La puzza di bruciato (nel vero senso della parola, visto che i cittadini della zona sono stati costretti, con questo caldo, a tenere chiuse le finestre) dei rifiuti laziali lascia sempre qualche dubbio. Per questo si è presentato immediatamente, sul luogo del disastro, anche il Pubblico ministero Giuseppe Travaglini, della procura di Velletri, per le prime disposizioni sulle attività di indagine, delegate alle forze di polizia presenti.
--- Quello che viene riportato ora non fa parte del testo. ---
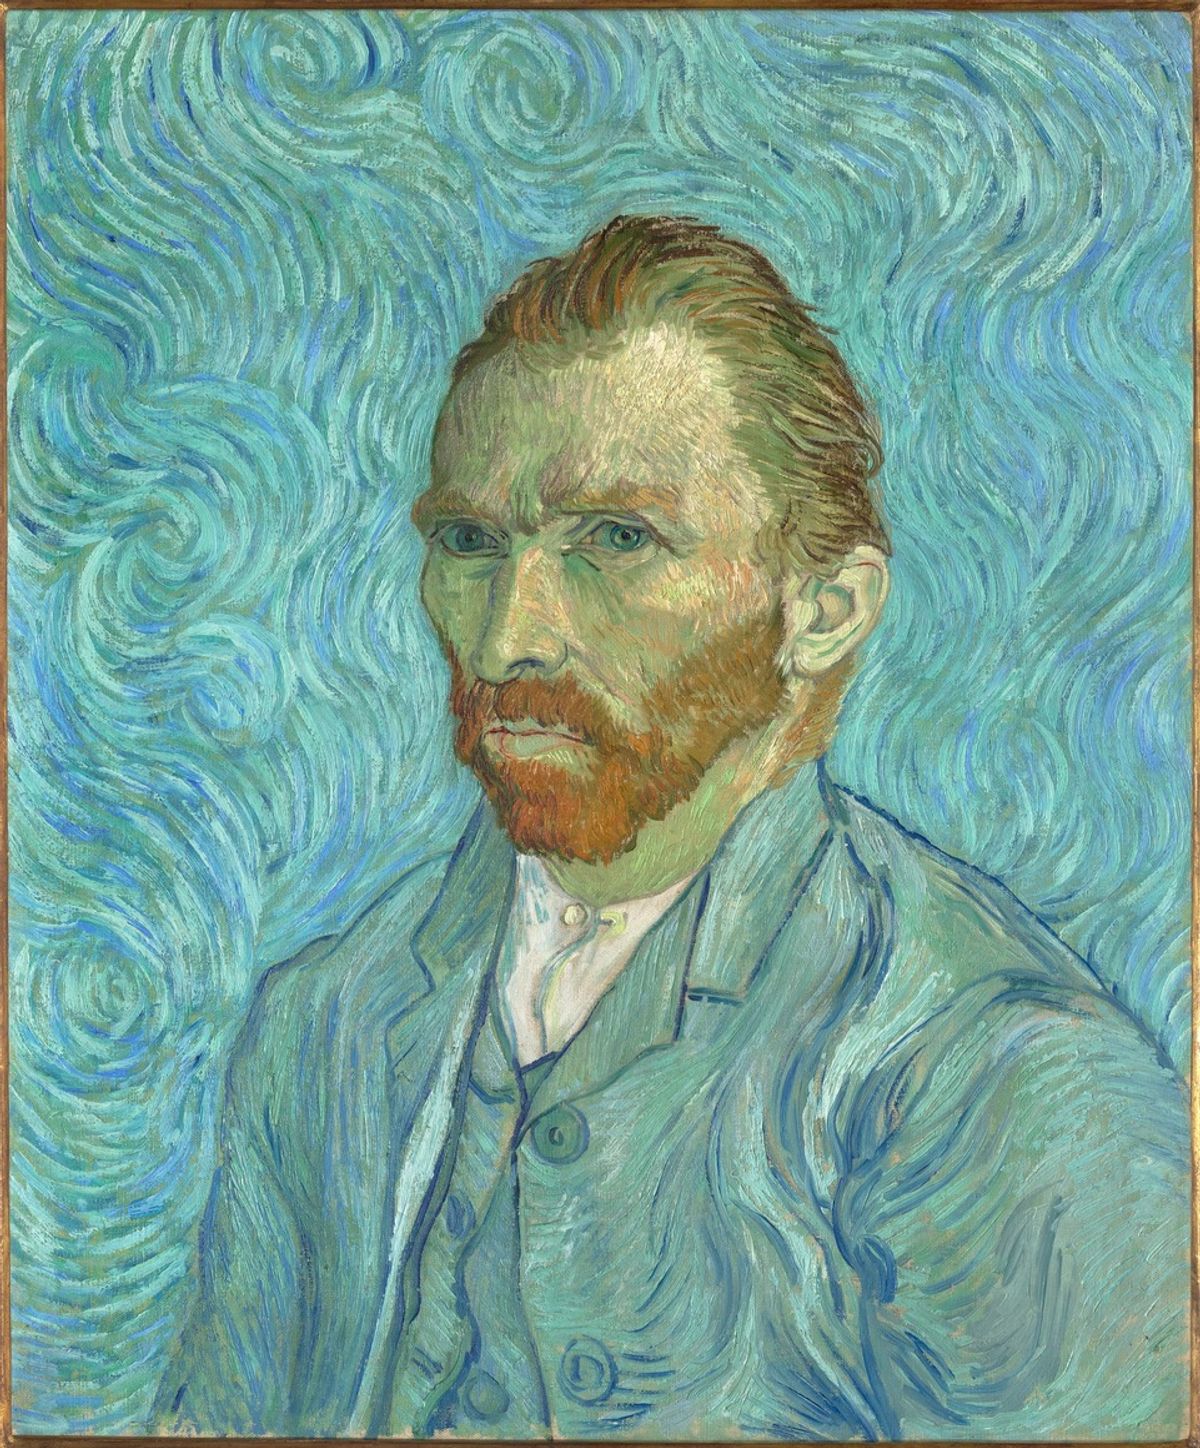 Vincent van Gogh, Self-portrait (1889), given to Dr Paul Gachet © Photo: Distribution RMN Musée d'Orsay, Paris/Patrice Schmidt

Gli incendi di impianti di trattamento rifiuti aumentano quando aumenta l’emergenza. Questo è un incontrovertibile dato di fatto. Dopo la chiusura di Malagrotta disposta da Marino nel 2013, sono praticamente raddoppiati gli incendi degli impianti di rifiuti. Nell’arco di tre anni, nel Lazio, dal 2014 al 2017, sono stati ben 13. Più di quattro ogni 12 mesi. Praticamente il doppio rispetto agli anni precedenti.
Paurosi roghi come, per esempio, il caso della Eco X di Pomezia, che sprigionò una nube tossica che inquinò Roma e provincia (e una parte della provincia di Latina) per giorni costringendo i cittadini a tapparsi dentro casa.
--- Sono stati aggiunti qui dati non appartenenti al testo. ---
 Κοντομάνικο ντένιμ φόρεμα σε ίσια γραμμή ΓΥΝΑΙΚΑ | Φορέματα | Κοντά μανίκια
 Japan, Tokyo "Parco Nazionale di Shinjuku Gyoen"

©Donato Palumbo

Ricordiamo, poi, il rogo che a fine maggio 2014 ha avvolto l’impianto Tmb della società Trattamento rifiuti ecologia di Viterbo, legata al gruppo Cerroni. Gli incendi nella discarica di Colle Fagiolara a Colleferro, gestita da Lazio Ambiente, nella Kiklos di Aprilia, nel Tmb della Pontina Ambiente ad Albano Laziale, società della galassia Cerroni. Per continuare con l’impianto di trattamento e stoccaggio rifiuti di Onano, in provincia di Viterbo, della Ternipolimeri di Cittaducale, nel reatino.
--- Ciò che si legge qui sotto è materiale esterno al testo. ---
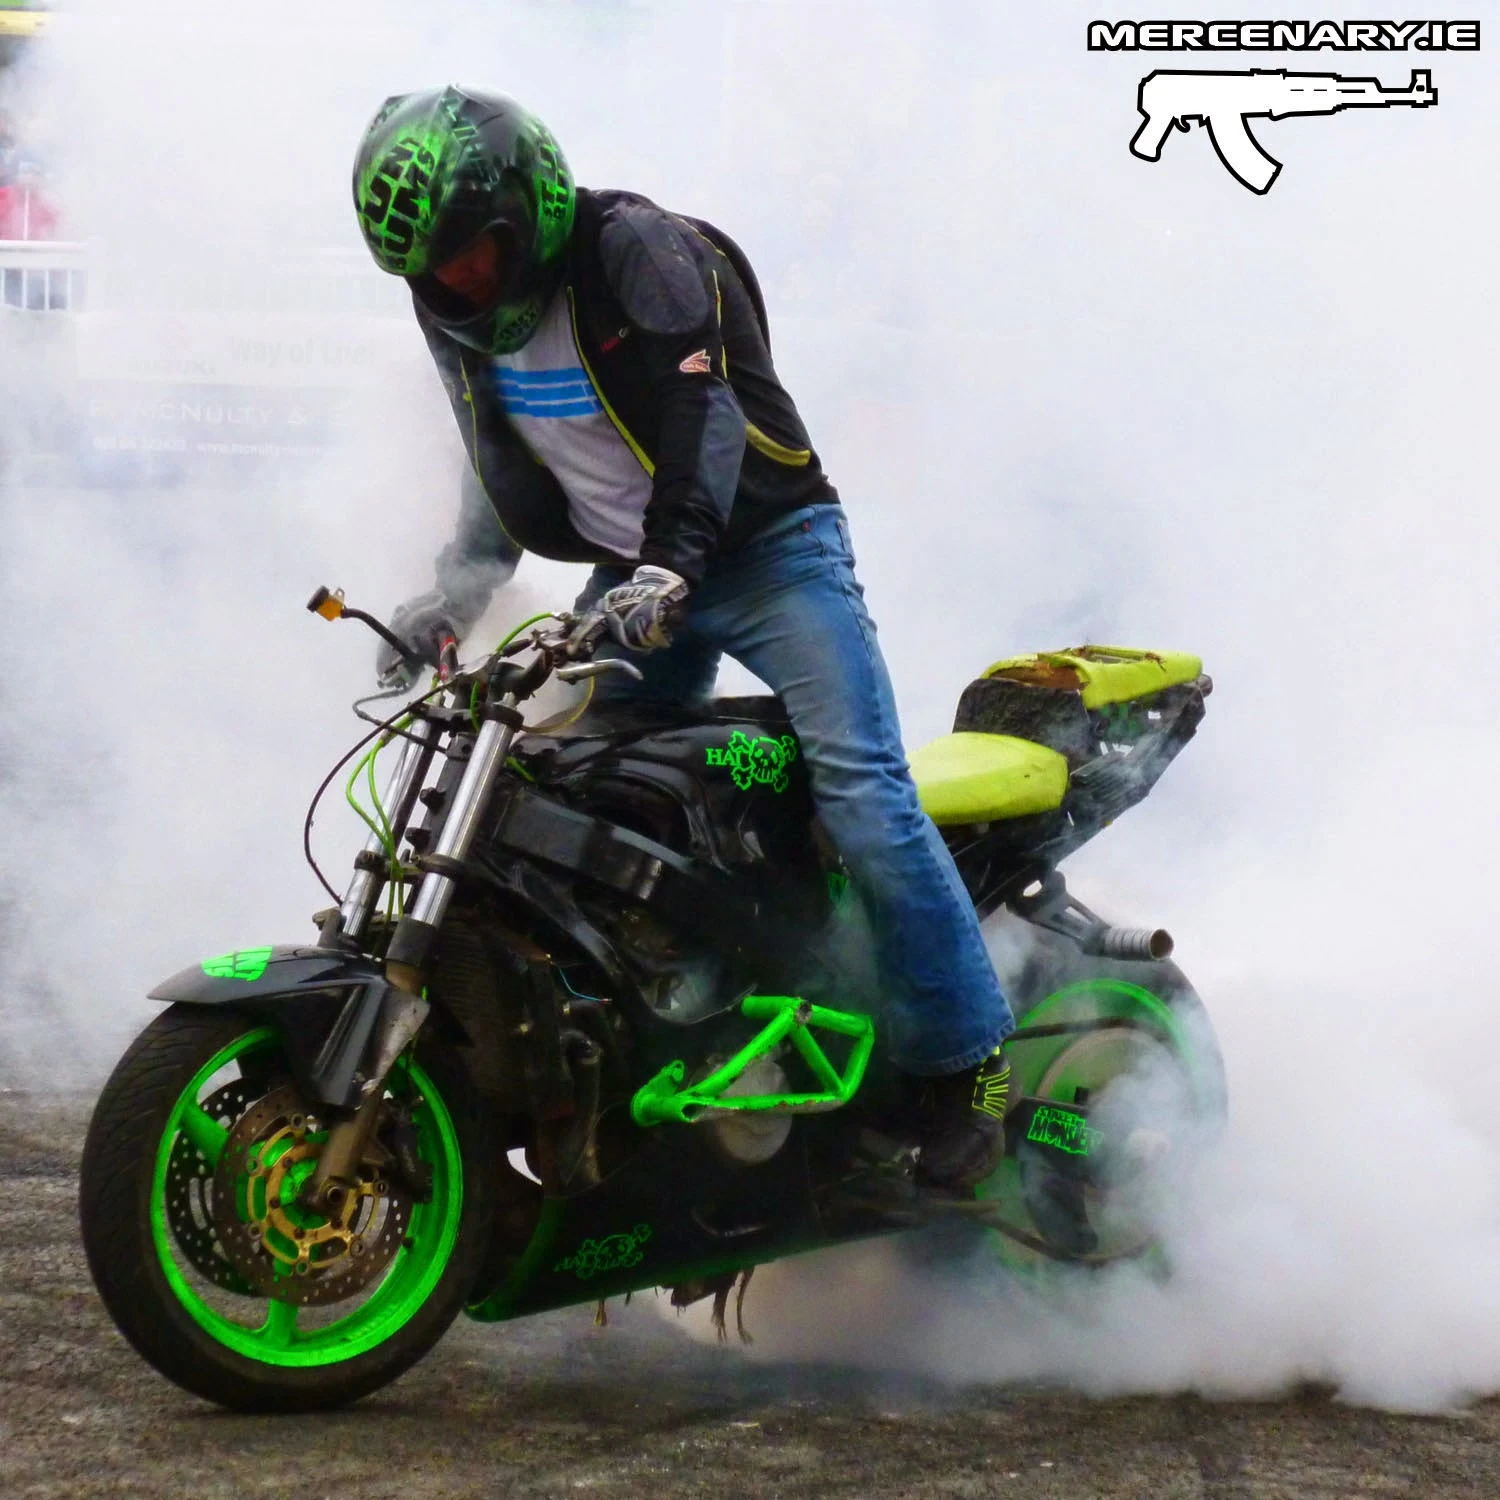 Irish Motorbike and Scooter Show 2015

Fino ad arrivare all’incendio del TMB Salario avvenuto l’11 dicembre del 2018, con ingenti fiamme che hanno distrutto e reso inutilizzabile l’impianto di trattamento meccanico biologico dei rifiuti. Un sito di Ama attivato nel 2011 a poche centinaia di metri da case, scuole e aziende.
Infine, il clamoroso incendio del Tmb di Malagrotta del giugno 2023, mentre Roma era in piena emergenza rifiuti. Un rogo avvenuto a distanza di due mesi dall’annuncio di Gualtieri della volontà di costruire un termovalorizzatore per risolvere l’emergenza rifiuti della capitale e che attirò le attenzioni di una lunghissima puntata della trasmissione televisiva “Report”.
Tante fiamme, ma anche tante inchieste giudiziarie. Le indagini sui roghi, però, si sono concluse in larghissima parte con l’archiviazione e in molti casi non sono state neppure compiute.
Una lunga scia di fiamme che, dopo il clamore iniziale, finisce sempre nel dimenticatoio.